But consider this: just a century ago nobody got stressed. They suffered with their nerves; got a touch of the vapours; they worried; but they were never stressed. Stress happened to metals subjected to powerful forces and to syllables in elocution classes. In fact, our current view of stress – what it is, what it feels like, and when it is harmful – evolved surprisingly recently. This matters. Recent research shows that the way we think about stress has a profound influence on how it affects us.

Instead of doing battle with our personal stress demons, can we put their diabolic energy to good use?

There is no doubt that prolonged, uncontrollable stress – particularly if suffered in childhood – can be profoundly corrosive and debilitating. But what of the familiar stresses of day-to-day life? Are they actually damaging you? Might the belief that stress is harmful be self-fulfilling? And what would a stress-free life really look like? Instead of turning in on ourselves and doing battle with our personal stress demons, might we be able to put their diabolic energy to good use?

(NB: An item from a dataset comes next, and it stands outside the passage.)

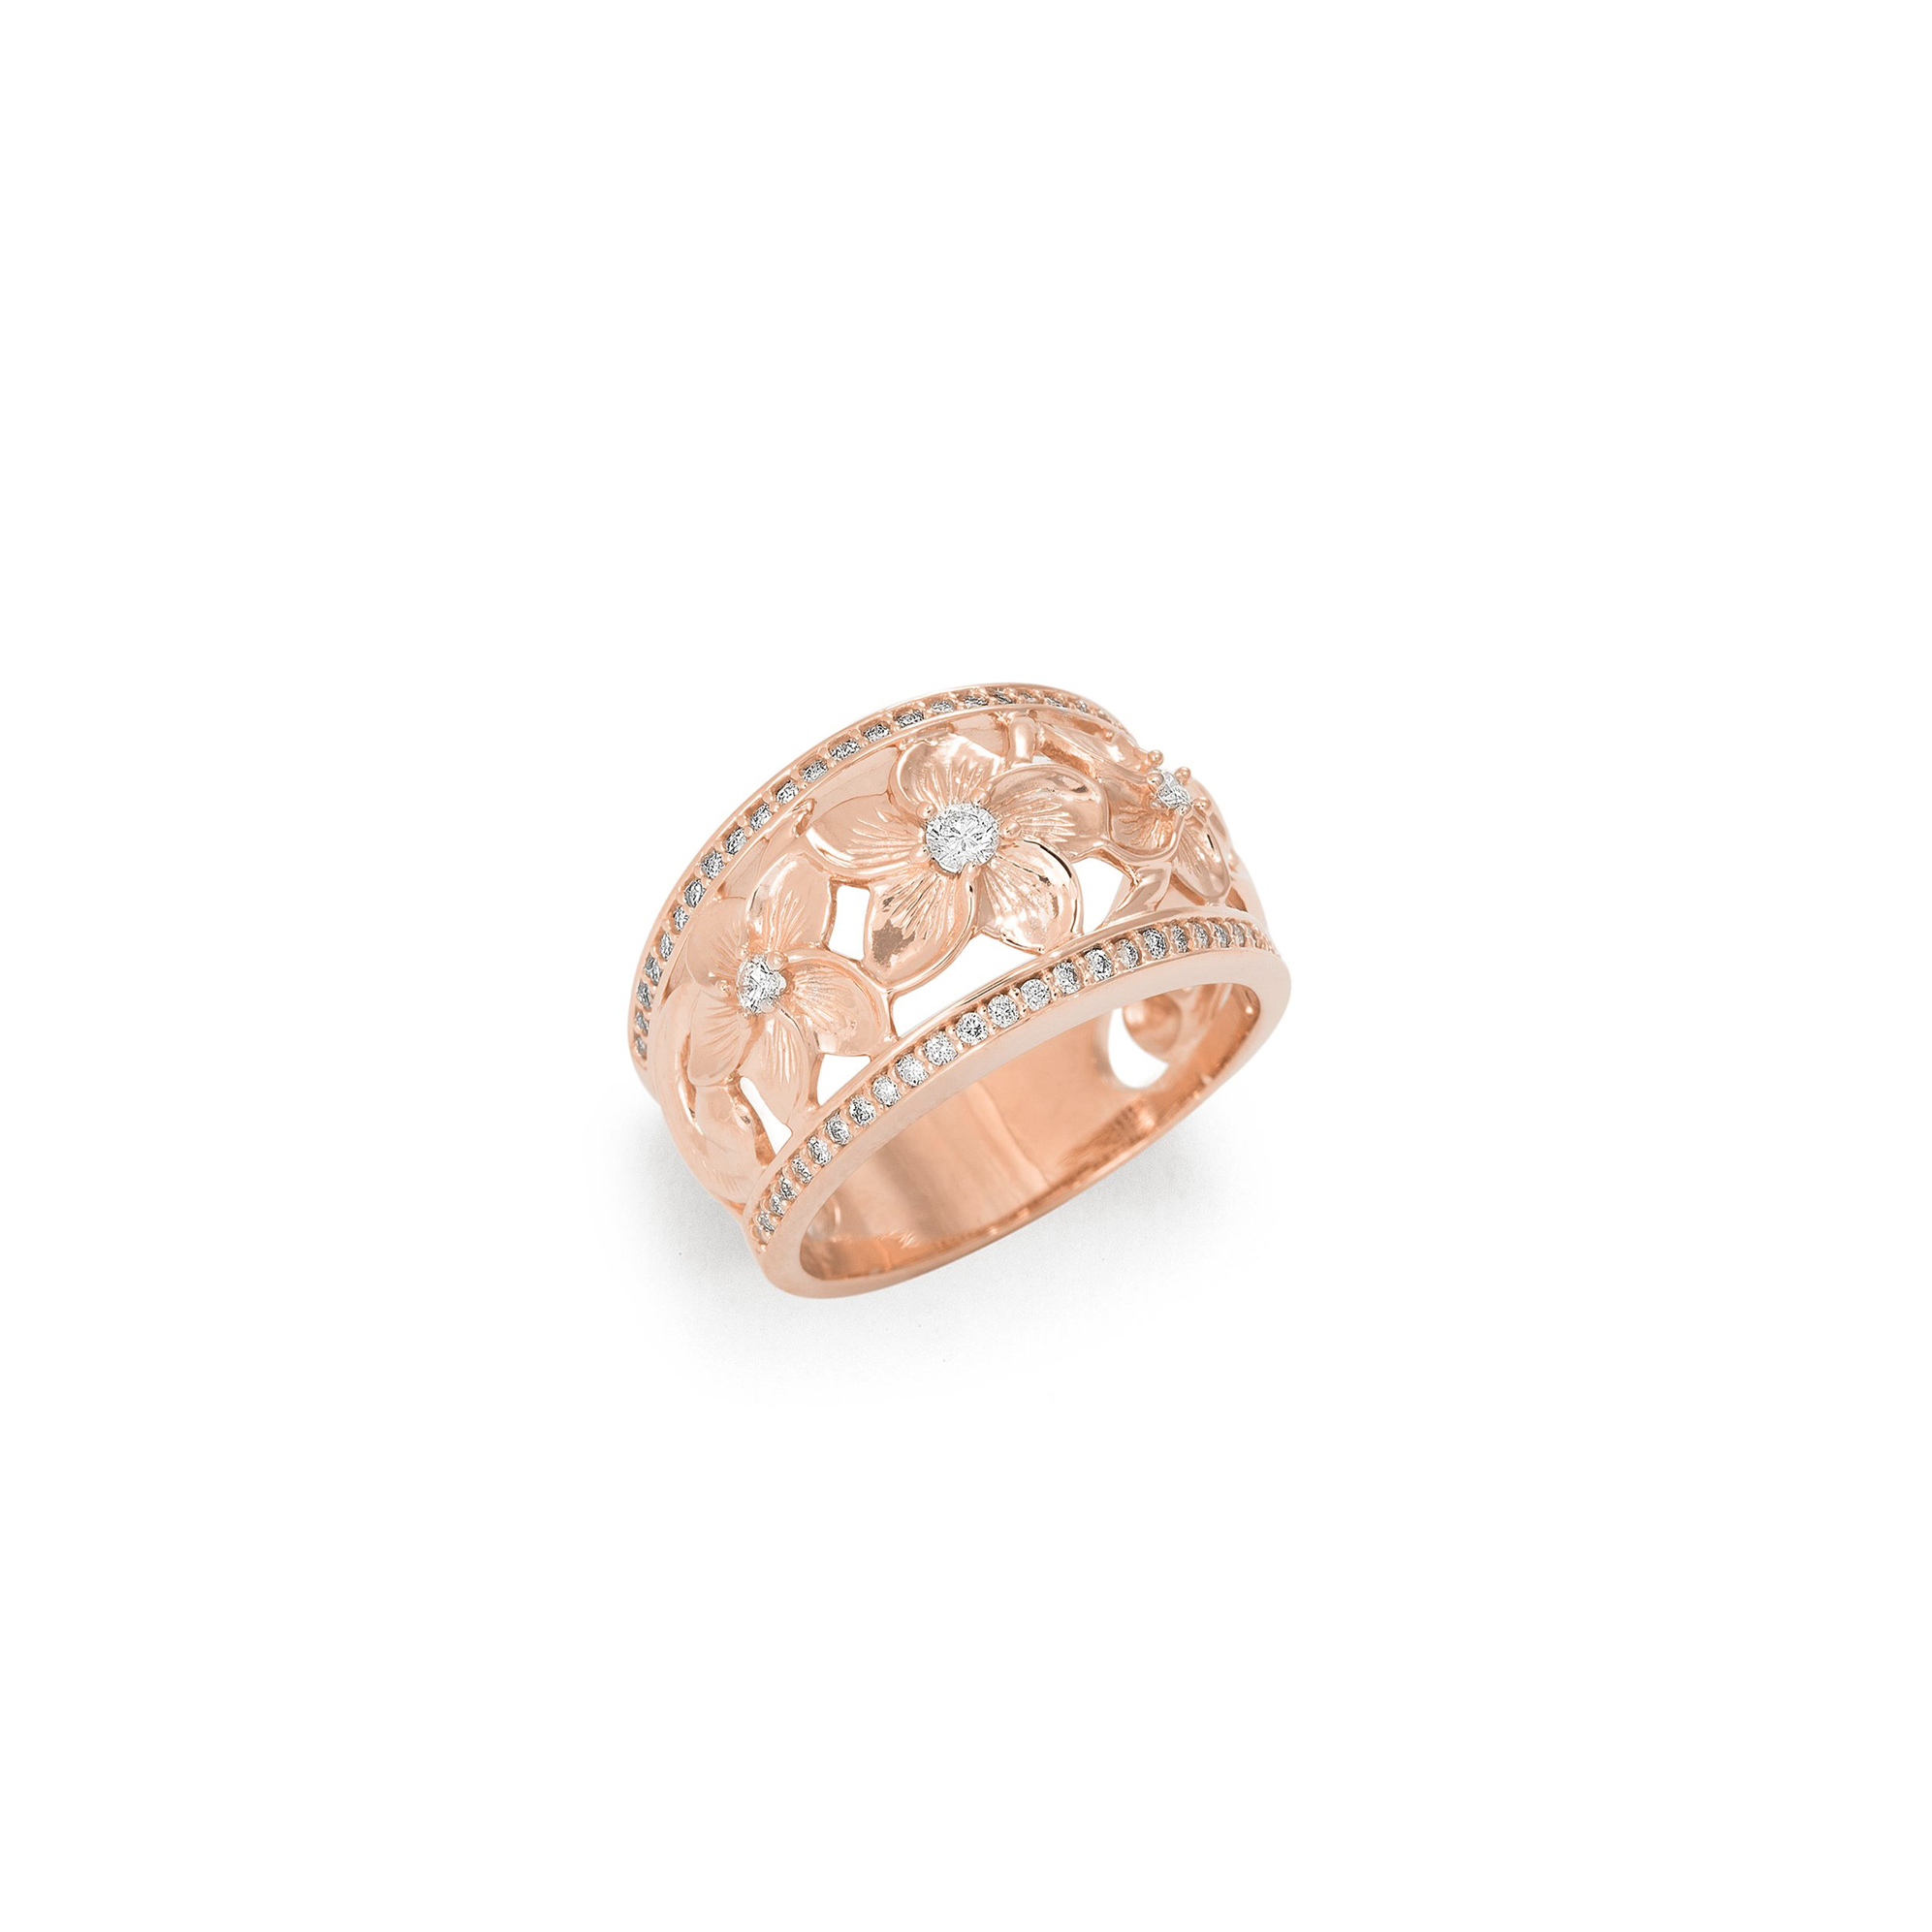 Hawaiian Heirloom Plumeria Ring in Rose Gold with Diamonds -13mm

Pull back for a moment from your daily hustle and you'll see that many of us are incurably hooked on stress. We thrive on it. We get a kick out of surviving the high-stakes presentation, meeting the deadline and overcoming our fears and prejudices. Watching a thriller, we're on the edge of our seats, pulses racing. Sports, on the field or on television, can propel us into "fight or flight" mode. Humanity's fascination with gambling hinges on stress.

If the most skilled physiologists in the world could peer beneath the skin of a thrill-seeker on a rollercoaster and an out-of-their-depth job interview candidate, they'd struggle to tell them apart. Deep in the brain, they'd see a structure called the hypothalamus fired up. With each lurch of the ride or disarming question asked, the hypothalamus signals to the adrenal glands, which sit atop each kidney. The adrenals then squirt a shot of adrenaline into the bloodstream. In the background, the hypothalamus prods the pituitary gland, which passes a different message on to the adrenal gland. This ups the production of cortisol, the textbook 'stress hormone'. Flipping these key biological switches triggers the familiar bodily symptoms of stress: a pounding heart, raised blood pressure, dilated pupils, arrested digestion and a damped-down immune system. In both cases, the biological stress response would look very similar.

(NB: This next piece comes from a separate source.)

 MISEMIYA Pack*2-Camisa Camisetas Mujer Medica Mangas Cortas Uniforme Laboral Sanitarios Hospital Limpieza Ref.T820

Even if we could eliminate stress entirely, or smother it with pharmaceuticals, we wouldn't want to. To muzzle the stress response is to silence the good as well as the bad. At best, stress can motivate us to achieve more and fix the sources of our stress. Boredom is stressful in its own way: ask a caged lion, or an understimulated teenager. In fact, as animal psychologist Francoise Wemelsfelder told New Scientist recently, boredom may exist to spur us back into activity. This half-forgotten idea, that some degree of stress can inspire and elevate, is common sense. It also has deep roots in the earliest scientific study of stress and stress responses.

Back at the beginning of the 20th century, two American psychologists, Robert Yerkes and John Dodson, wanted to know how stressing out lab mice affected their learning. They set the rodents navigational challenges and punished wrong turns with small electric shocks to the feet. In their terminology, larger electric currents caused greater 'arousal'.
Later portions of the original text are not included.